Slowing down the rate of transmission could get us to a vaccine with fewer COVID-19 deaths. That would be desirable, notwithstanding my earlier comments about unintended consequences.

But keep in mind this kind of virus mutates. So a vaccine may not be fully effective, and would probably need continual updating. Or it may arrive when the virus is close to extinguishing itself anyway, and ultimately be of little practical use.

Unwavering

To my mind then the market declines have been orderly and pretty logical, in the face of the potential disruption. Outside some extremely expensive-looking glamour stocks and some clearly threatened individual sectors (especially tourism), most markets have declined by about 10-12%. Sectors have similarly declined about 10-12%. Everything has de-rated a notch, in other words, mostly from high levels.

The market seems to be saying we’re all in this together. Not quite the spirit of Brexit Britain or Trump Towers, I understand, but probably true. So its best response is to knock a year or twos of profits off the spreadsheet and wait to see if there’s a reason to put them back on, or else to get more aggressive.

So much for the wisdom of crowds. What should individual investors do?

I can tell you what investors have been doing, which is trade. Retail investor favourites like investment trusts plunged on Friday morning before recovering as the day went on. And in the US, Friday saw the first ever $100 billion trading volume day in a single security – the S&P 500 ETF with the ticker SPY.

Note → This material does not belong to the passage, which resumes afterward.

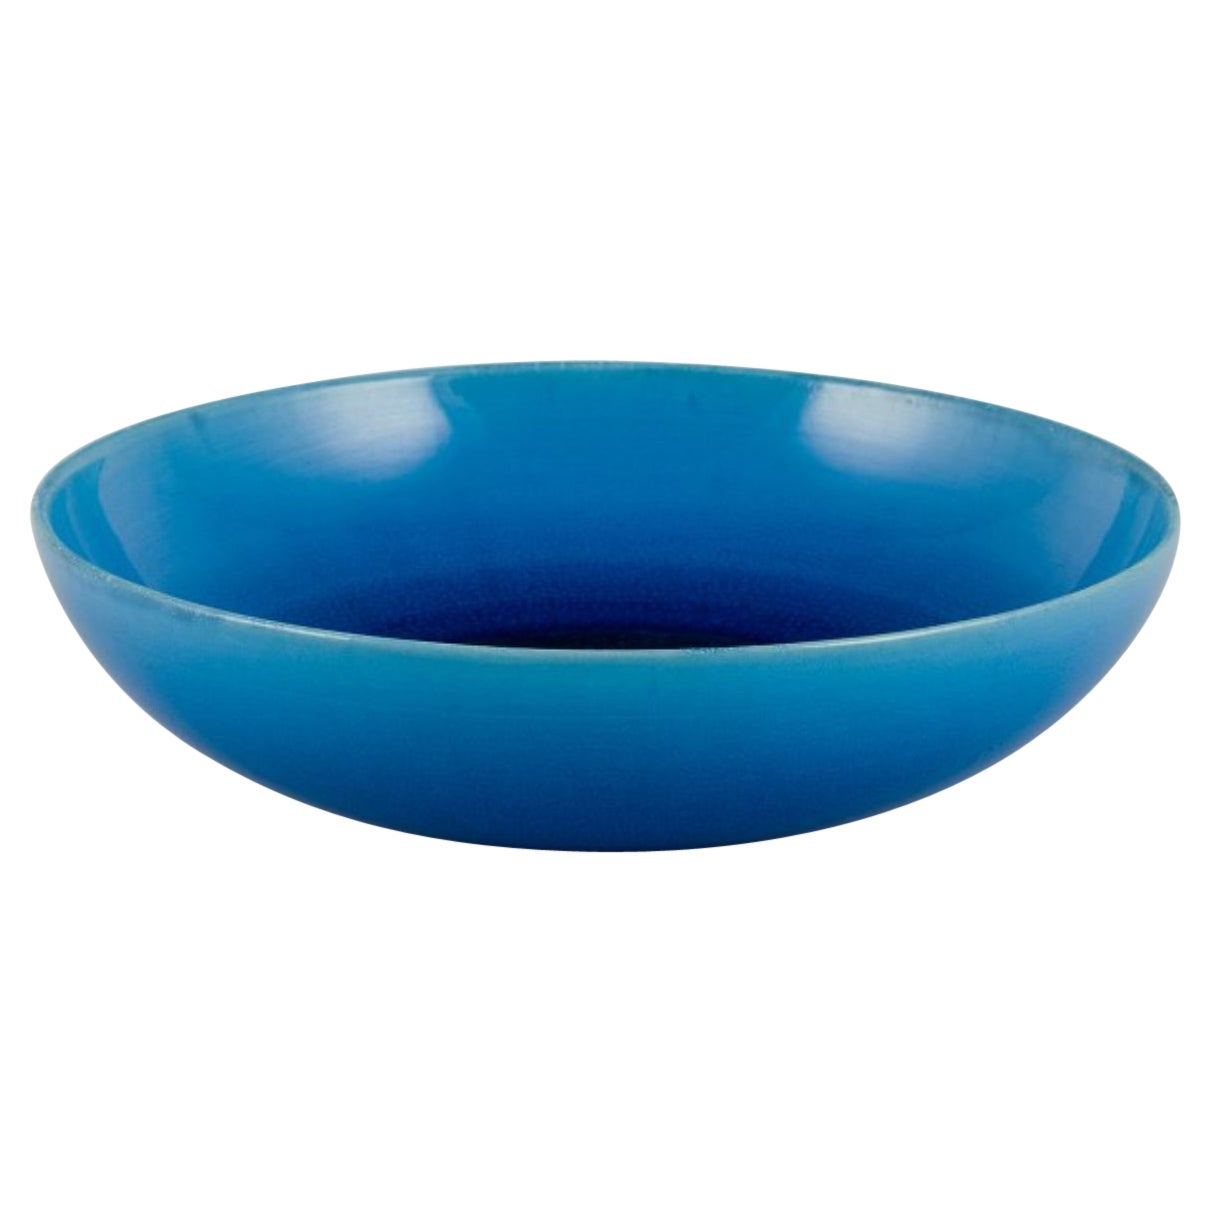 Carl Harry Stålhane, Rörstrand. Ceramic bowl in turquoise glaze. Mid-20th C. For Sale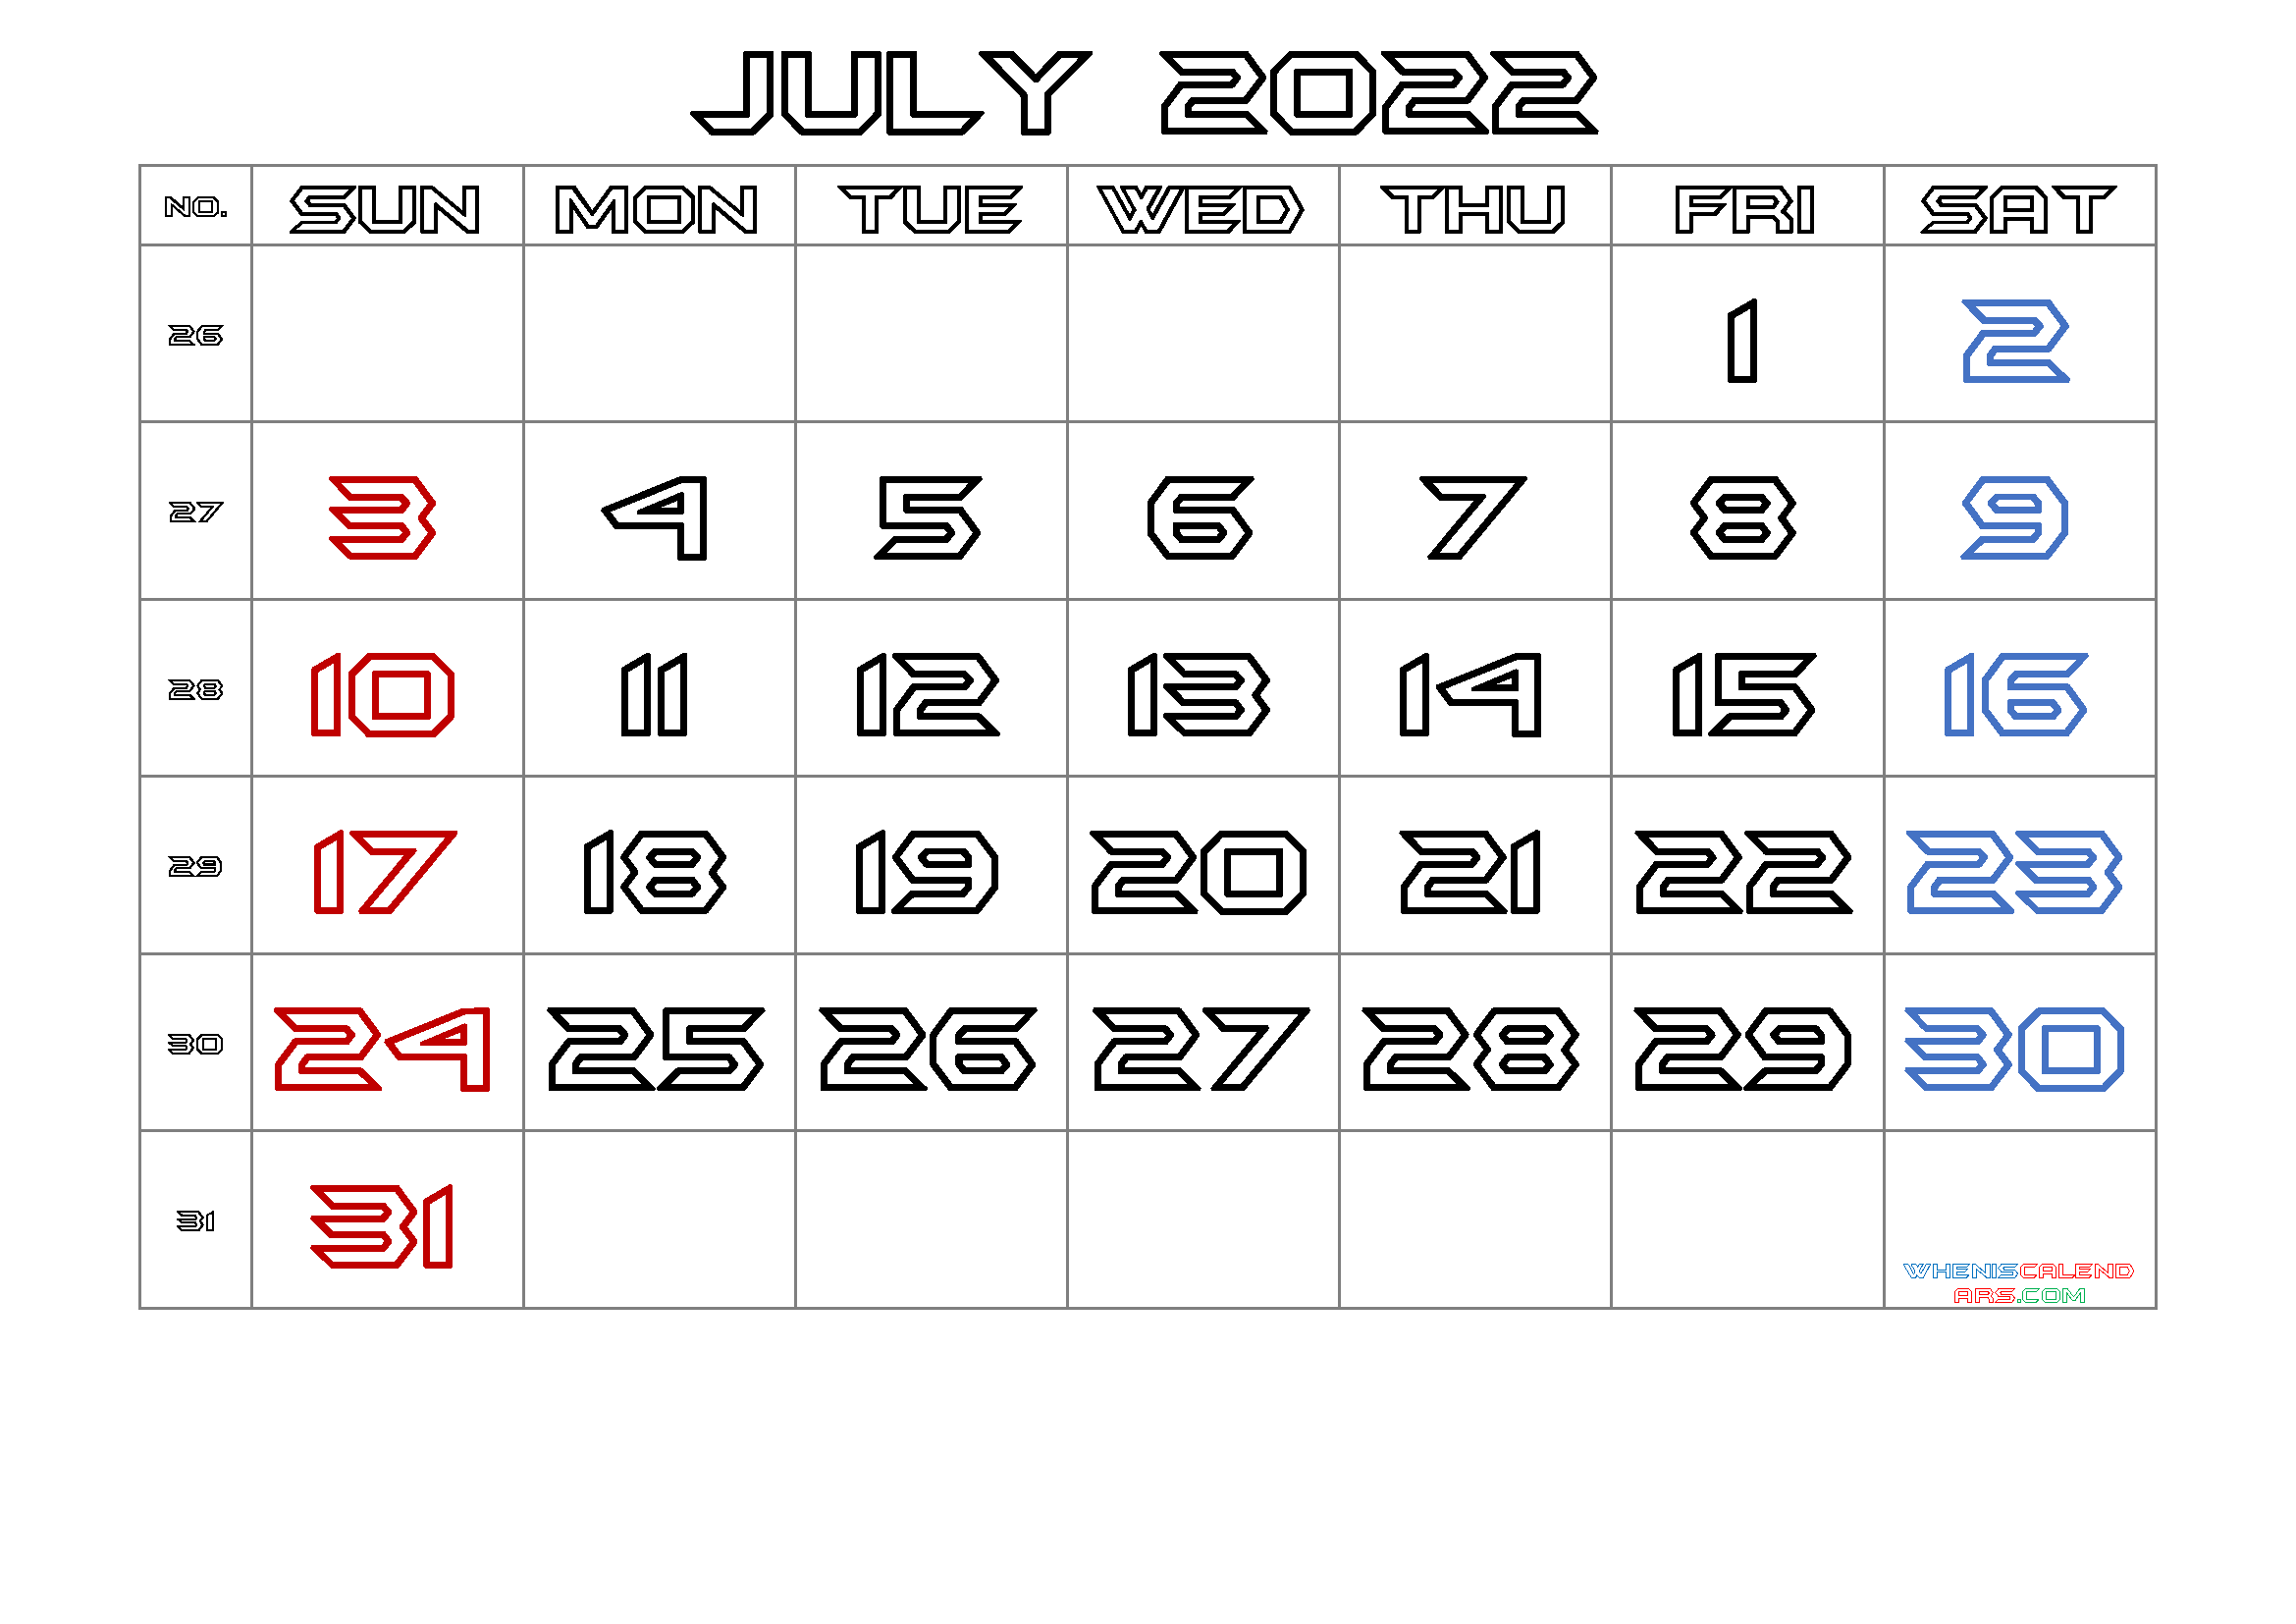 Free Printable July 2022 Calendars

As I noted on Twitter on Friday morning:

At least one UK broker/platform seems to have frozen with today’s torrent of selling and is currently unable to execute trades. 2008 vibes. Please don’t panic. There are bad scenarios but there are also many scenarios. Hopefully your diversification is working. Take a breath.

In the follow-up I was asked what somebody should do if they were 10% down.

The midst of a panic is the wrong time to be asking yourself this question. I replied:

I understand it is easier said than done. Passive investing has delivered tremendous gains over the past decade, but when markets fall it can feel like you’ve set up your sun lounger in front of a combine harvester.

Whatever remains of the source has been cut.